################################################################################
## SCRIPT INITIALIZATION / LOADING LIBRARIES ###################################
################################################################################
## Load required libraries
library(dplyr)  # General tools for working with data frames.
library(sf)     # Simple Figures, a library for working with vector objects.
library(tigris) # Tools for loading Census geographies.
options(tigris_use_cache = TRUE)

## Create string object for working path.
path_str <- ""
################################################################################


################################################################################
## LOAD CLIMATE DATA ###########################################################
################################################################################
setwd(paste0(path_str,"/Data"))

# Load the dataset for the SPP 3-7.0 (middle path) climate projections at the
# county level.  Data downloaded on 20 May 2025 from:
# https://resilience.climate.gov/maps/bf2e80557cc3414da658248264979ff8/about
climate_df <- 
  read.csv("LOCA2_Ensemble_SSP245_Hot_Days_1950_2100_6510504288252866765.csv",
           colClasses = c("character","character","character","character",
                          "character","character","character","character",
                          "numeric","numeric","numeric","numeric",
                          "numeric","numeric","numeric","numeric"))

# For this project, we're going to look at estimated days with a maximum
# temperature of 90F or higher in the 2020's and again estimated for the
# 2050's.  Thus, we can break the dataset into data frames estimating for
# each of those two dates:
climate_20_df <- 
  climate_df[climate_df$Begin.Date == "1/1/2020 12:00:00 AM",]
climate_50_df <-
  climate_df[climate_df$Begin.Date == "1/1/2050 12:00:00 AM",]

# We can then simplify the dataframes to only have columns we need, and to
# have better variable names:
climate_20_df <-
  transmute(climate_20_df,
            CNTY_FIPS = County.Geographic.Identifier,
            HOTDAYS_20 = Annual.number.of.days.with.a.maximum.temperature.greater.than.or.equal.to.90.F)
climate_50_df <-
  transmute(climate_50_df,
            CNTY_FIPS = County.Geographic.Identifier,
            HOTDAYS_50 = Annual.number.of.days.with.a.maximum.temperature.greater.than.or.equal.to.90.F)

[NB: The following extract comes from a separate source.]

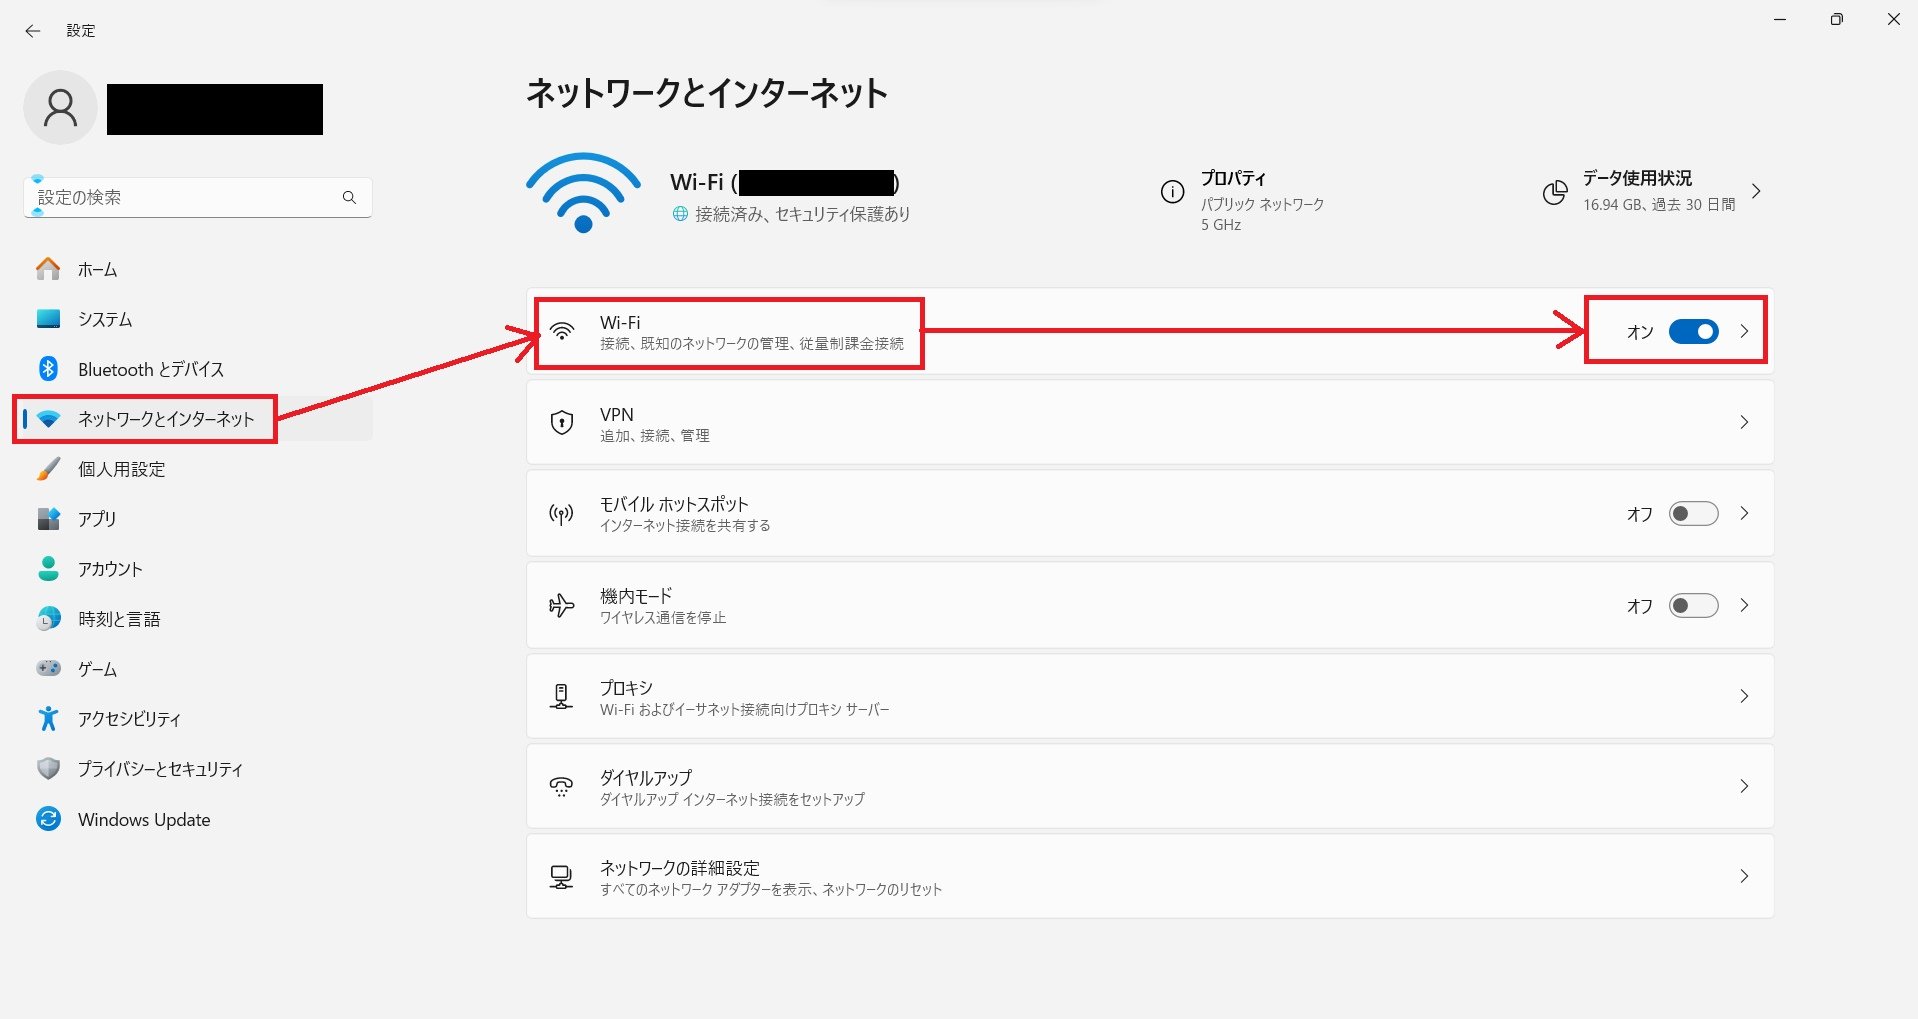 開いた画面から「ネットワークとインターネット」を選択し、Wi-Fiの項目右側にあるボタンを「オン」にしましょう。
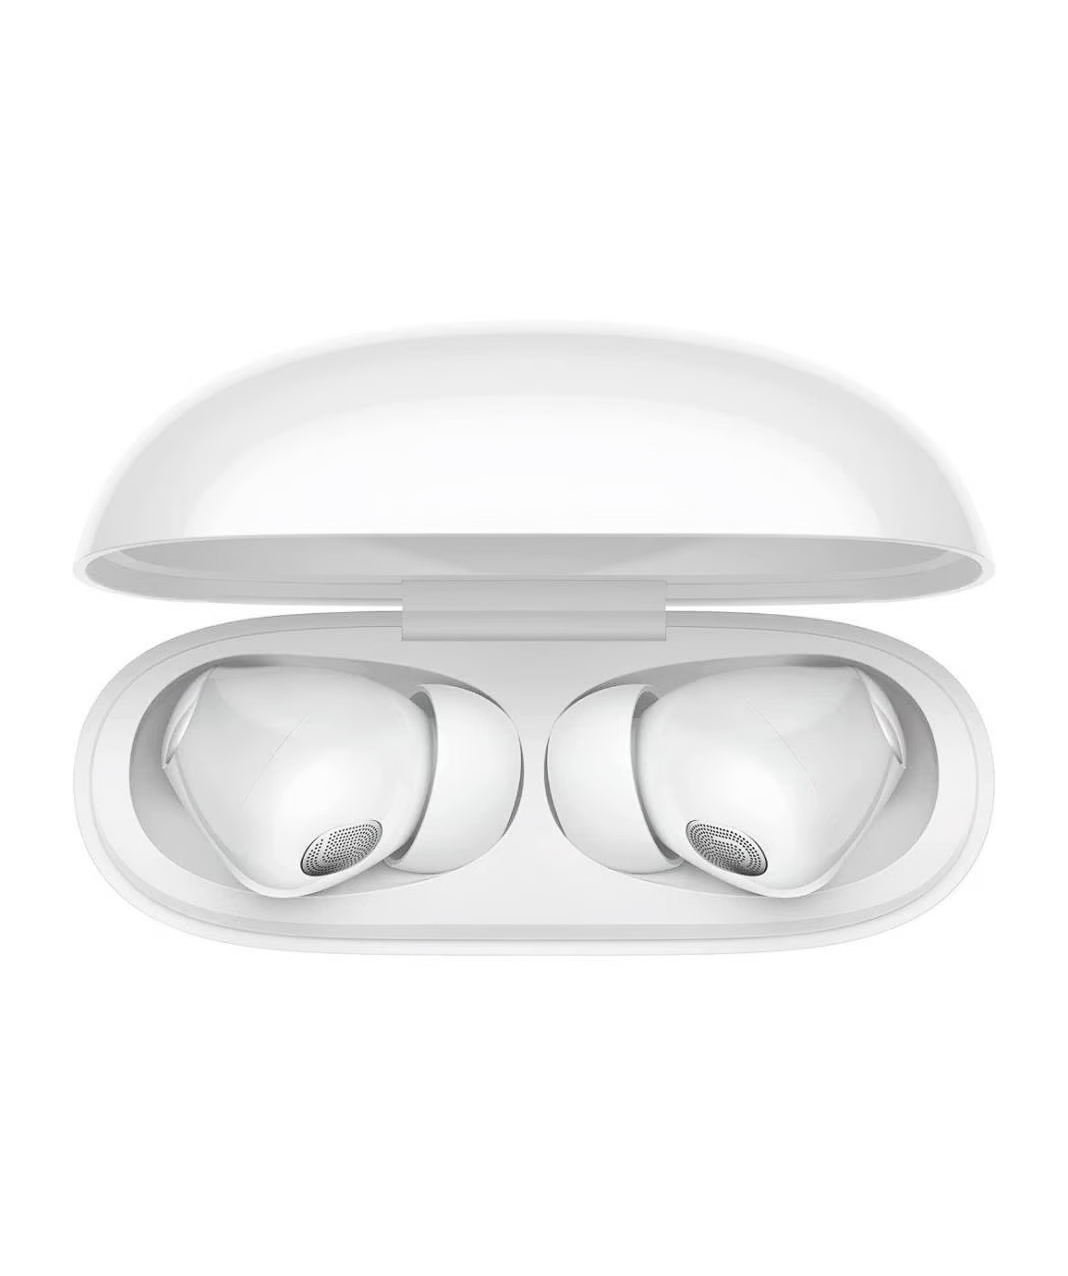 Անլար ականջակալներ «Xiaomi Redmi» 3T Pro, սպիտակ

# And we can now merge the two into a single dataframe again.
climate_df <- left_join(climate_20_df,
                        climate_50_df,
                        by = c("CNTY_FIPS" = "CNTY_FIPS"))

# Now we can drop the decade-specific data frames.
rm(climate_20_df,climate_50_df)

# Note to self: on visual insepction of CNTY_FIPS field, the dataset is using
# the new Connecticut county-equivalents (councils of governments).  This can
# be confirmed because nine county-equivalents are present, all with FIPS codes
# starting "091xx" rather than "090xx".

# On the other hand, no data is present for Hawaii and Alaska.  According to
# the data source, data for Alaska and Hawaii will be available in the future.
################################################################################


################################################################################
## LOAD AIR CONDITIONING DATA ##################################################
################################################################################
setwd(paste0(path_str,"/Data/Local Air Conditioning Estimates 2023"))

# Load the dataset for the Census Bureau's experimental 2023 Local Air
# Conditioning Estimates.  Data downloaded on 20 May 2025 from:
# https://www.census.gov/data/experimental-data-products/lace.html
#
# Users should keep in mind that this data is generated by modeling on a number
# of data sources, including current wet-bulb temperatures.  Unfortunately,
# survey data still doesn't exist at the county level for this.
# 
# Detailed write-ups on this data can be found at:
# https://www2.census.gov/programs-surveys/demo/technical-documentation/lace/2023-LACE-Quick-Guide.pdf
# and
# https://www2.census.gov/library/working-papers/2025/demo/sehsd-wp2025-05.pdf
ac_df <- 
  read.csv("LACE_23_County.csv",
           colClasses = c("character","character","character","character",
                          "numeric","numeric","numeric","numeric","numeric",
                          "numeric","numeric","numeric","numeric","numeric"))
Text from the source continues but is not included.